Border Leicester sheep were imported to Australia in 1871, where they now have a large number of stud flocks. Border Leicester rams are used for mating with Merino ewes to breed the first-cross mothers that are so valuable for the production of prime lambs. Border Leicester Merino cross ewes produced in this way offer the greatest overall performance when breeding meat type sheep, with a well proportioned carcase, high fertility, good foraging ability and good milk production.

Border Leicester Merino cross ewes are mated to shortwool rams (e.g. Poll Dorset or Southdown) to produce prime lambs, which grow rapidly to market weights and have the ideal carcase shape. The vast majority of Australian lambs produced for meat are bred in this manner.

Border Leicester sheep also contribute about 50 percent of the genetics used in the Gromark breed of sheep that were developed in Australia.

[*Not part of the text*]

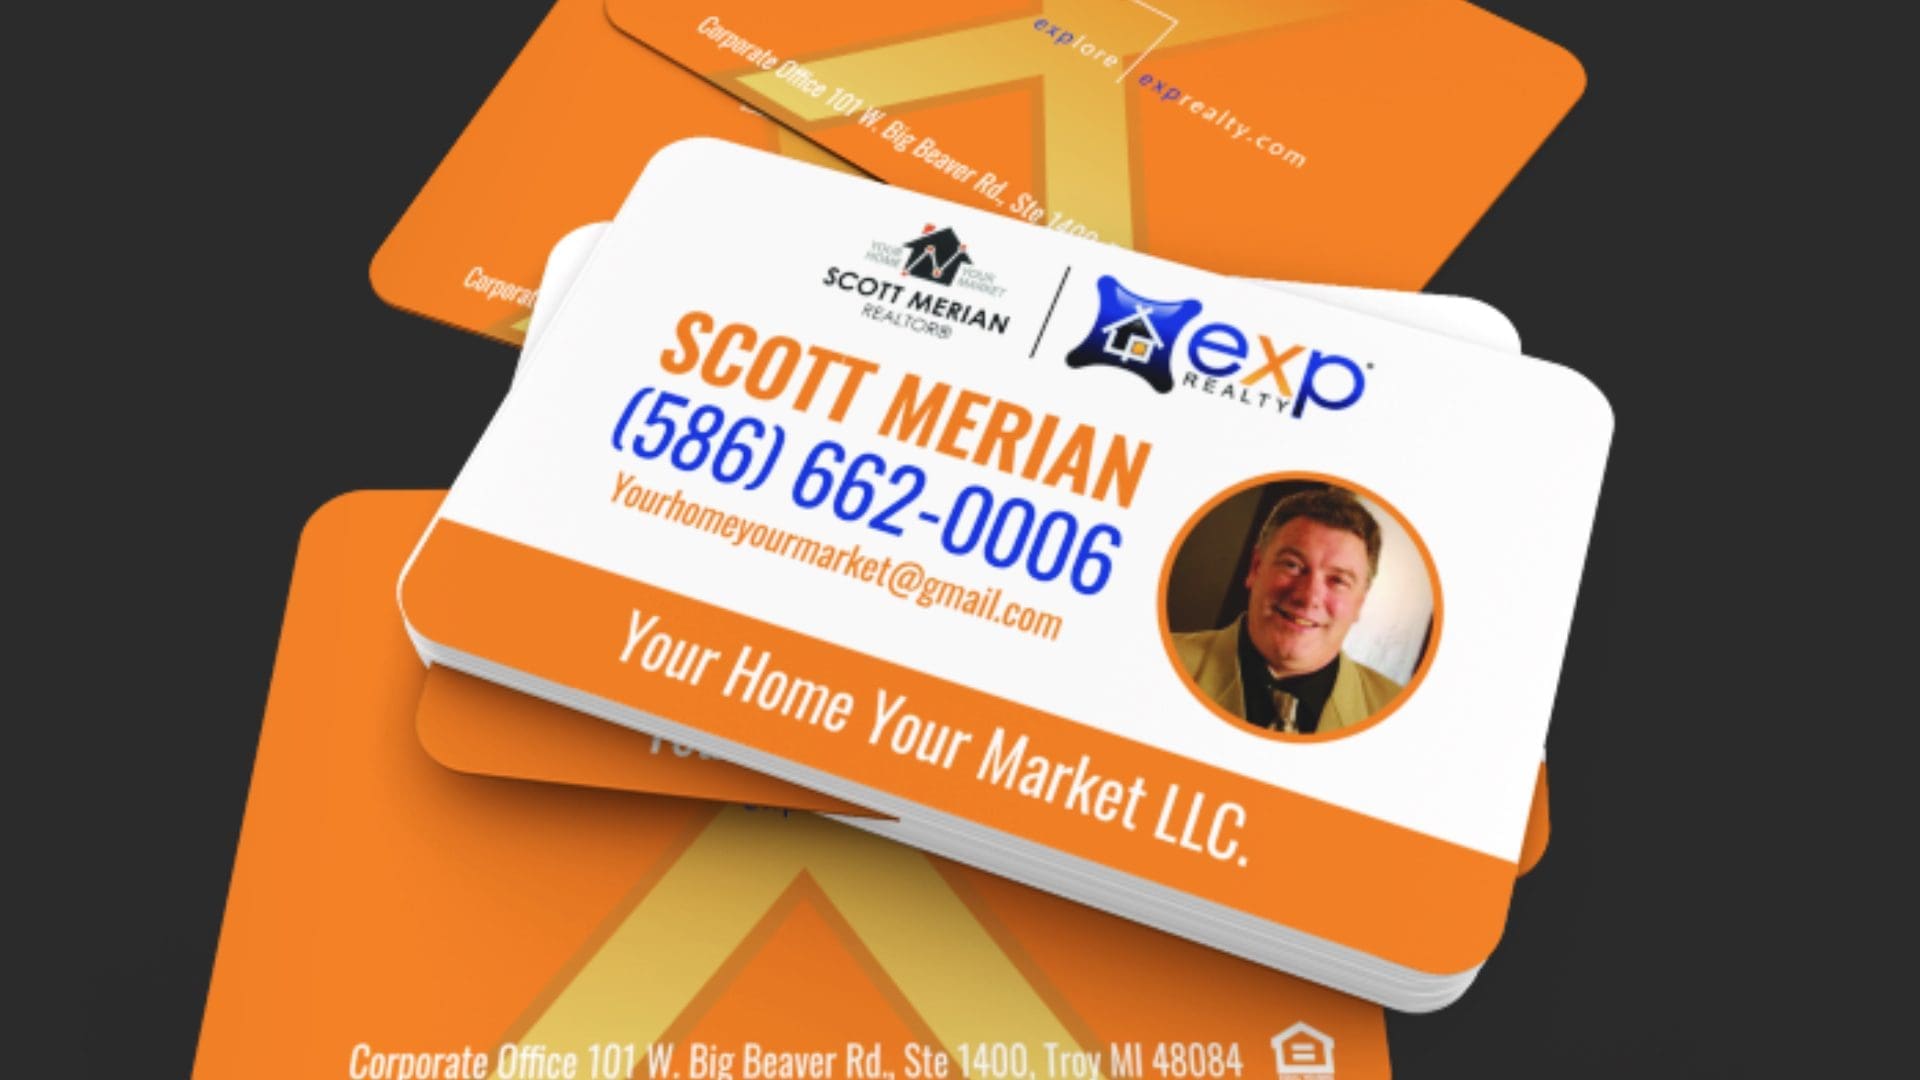 Your Home Your Market LLC - Scott Merian's Cards (2)

The breed was imported into New Zealand in 1859, and after refrigeration was introduced in the 1880s, the Border Leicester was used as a crossing sire to produce heavyweight lambs and wether mutton. The Border Leicester was later used to develop New Zealand's Border-Romney cross (Coopworth) and the Border-Corriedale (Borderdale) breeds.

The first breed association was formed in 1888 in the United States The American Border Leicester Association is the only registry in the USA. Breeders show their sheep at county shows and fairs throughout the year with the annual National Polly Hopkins Show traveling between The Big E in Springfield, Massachusetts and North American International Livestock Exposition held in Louisville, Kentucky.